200 Major Companies Receive Notices From State Tax Authorities
In response, these companies have initiated legal actions, filing petitions in various high courts and even the Supreme Court of India.
Their argument centers on the issue of being taxed for the same item as both ‘goods’ and ‘services,’ as reported by a newspaper.
State tax authorities have imposed Value-Added Tax (VAT) on the transfer of intellectual property rights (IPRs) and are seeking around Rs 30,000 crore in taxes for the period spanning from FY11 to FY15, according to insiders cited by the Economic Times. These tax notices have been served to approximately 200 companies in the past six months. Currently, these companies are vehemently contesting these demands through the legal system, vehemently opposing the imposition of VAT on IPR transfers.
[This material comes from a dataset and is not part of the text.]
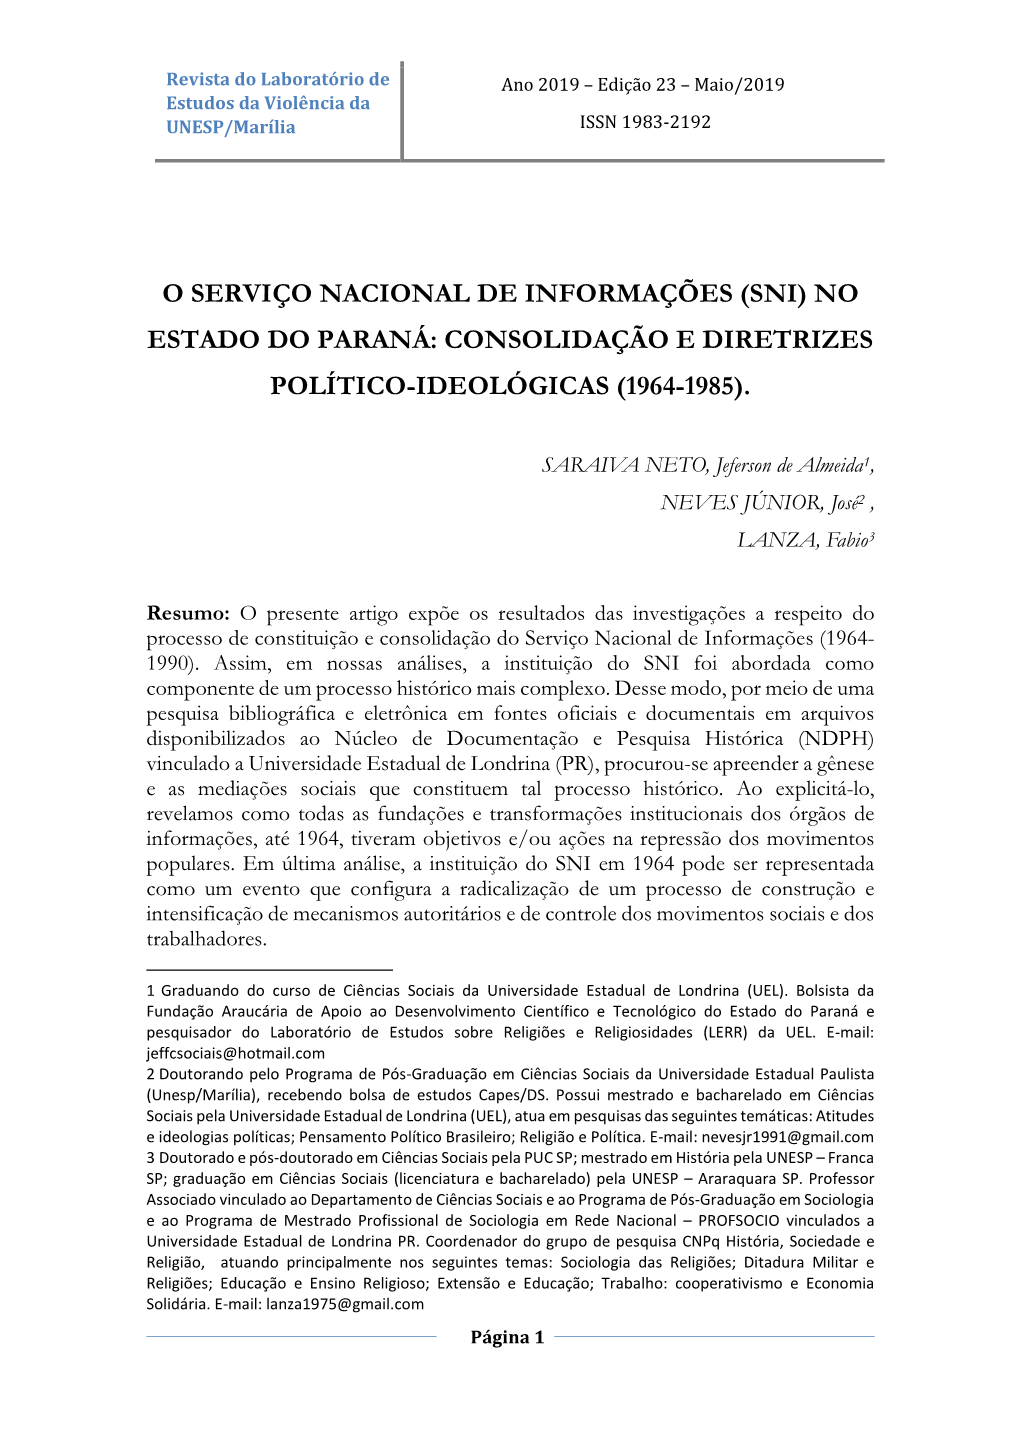 Sni) No Estado Do Paraná: Consolidação E Diretrizes Político-Ideológicas (1964-1985)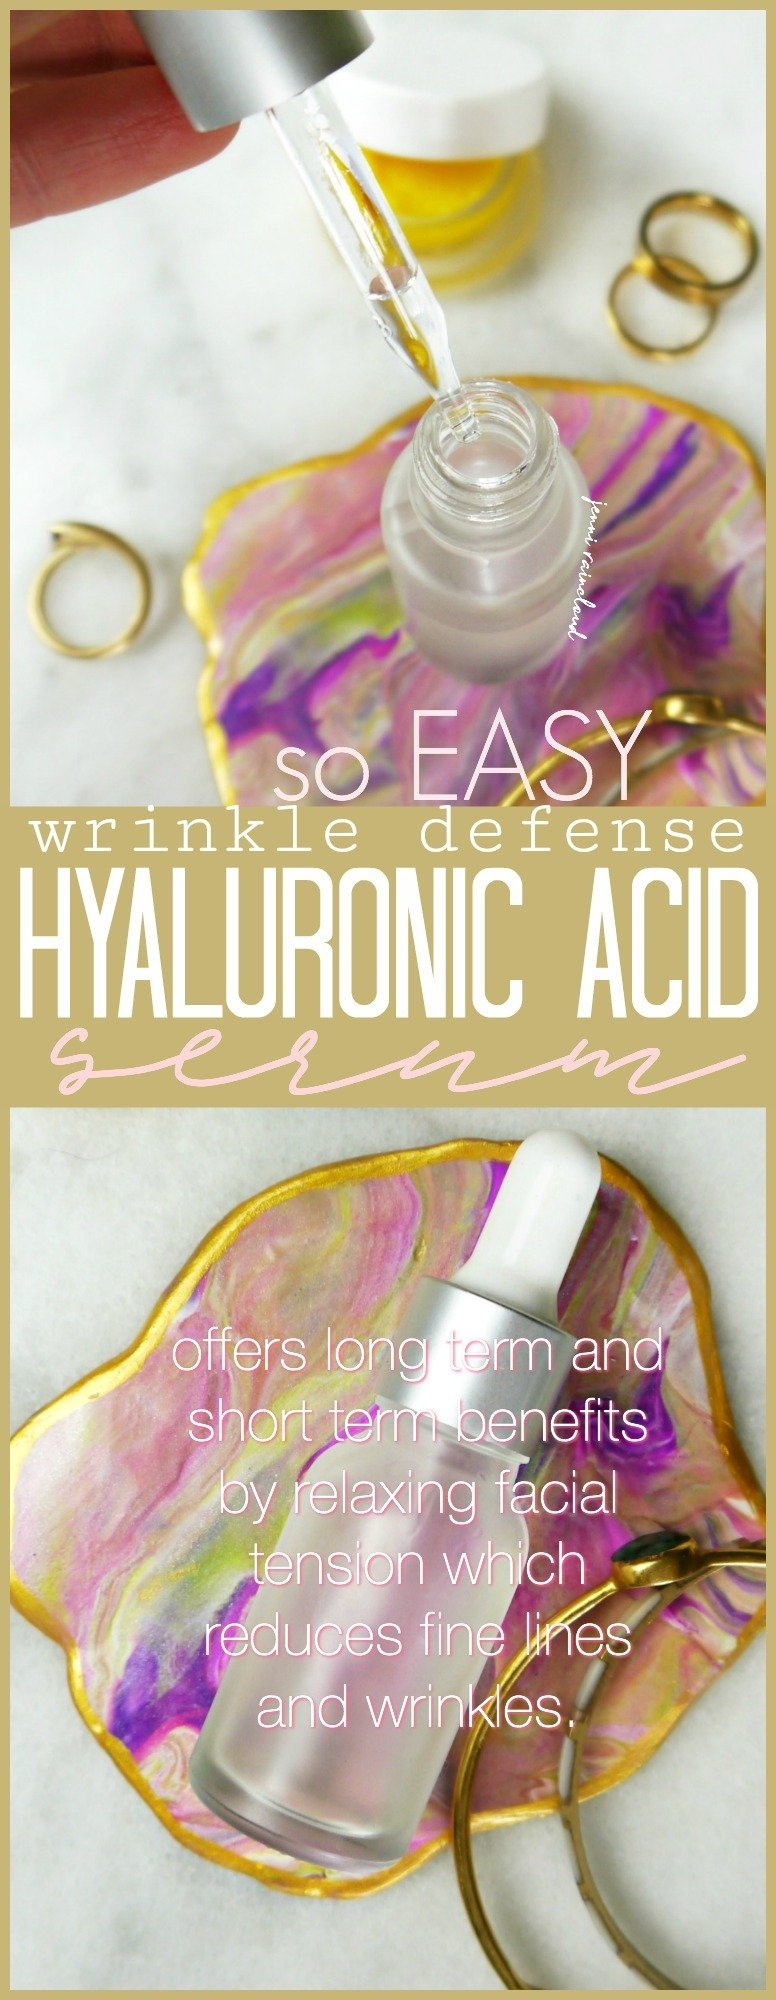 DIY Hyaluronic Acid Wrinkle Defense Serum

Companies Claim That Service Tax Has Already Been Paid
Certain companies that have received VAT notices claim that they have already paid service tax on these transactions. The state authorities are classifying IPRs as “goods” and subjecting them to VAT. Various state authorities, including those in Maharashtra, Uttar Pradesh, Madhya Pradesh, Tamil Nadu, and Gujarat, have reportedly issued these VAT notices, as detailed in the report.
Under the GST regime, there are explicit guidelines concerning the taxation of IPR. If the transfer of IPR is categorized as either a “supply of services” or a “supply of goods,” it is subject to an 18 percent GST rate. This categorization aims to eliminate ambiguity and provide consistent tax treatment for IPR transactions under GST.
A senior official from the Central Board of Indirect Taxes and Customs (CBIC) noted, “This is a pre-GST period demand raised by state tax authorities, and we are aware of the complexities involved. However, now that the matter is before the courts, we will await guidance from the court.”
Nonetheless, legal experts have emphasized that items cannot be classified as both “goods” and “services” and subsequently subjected to double taxation.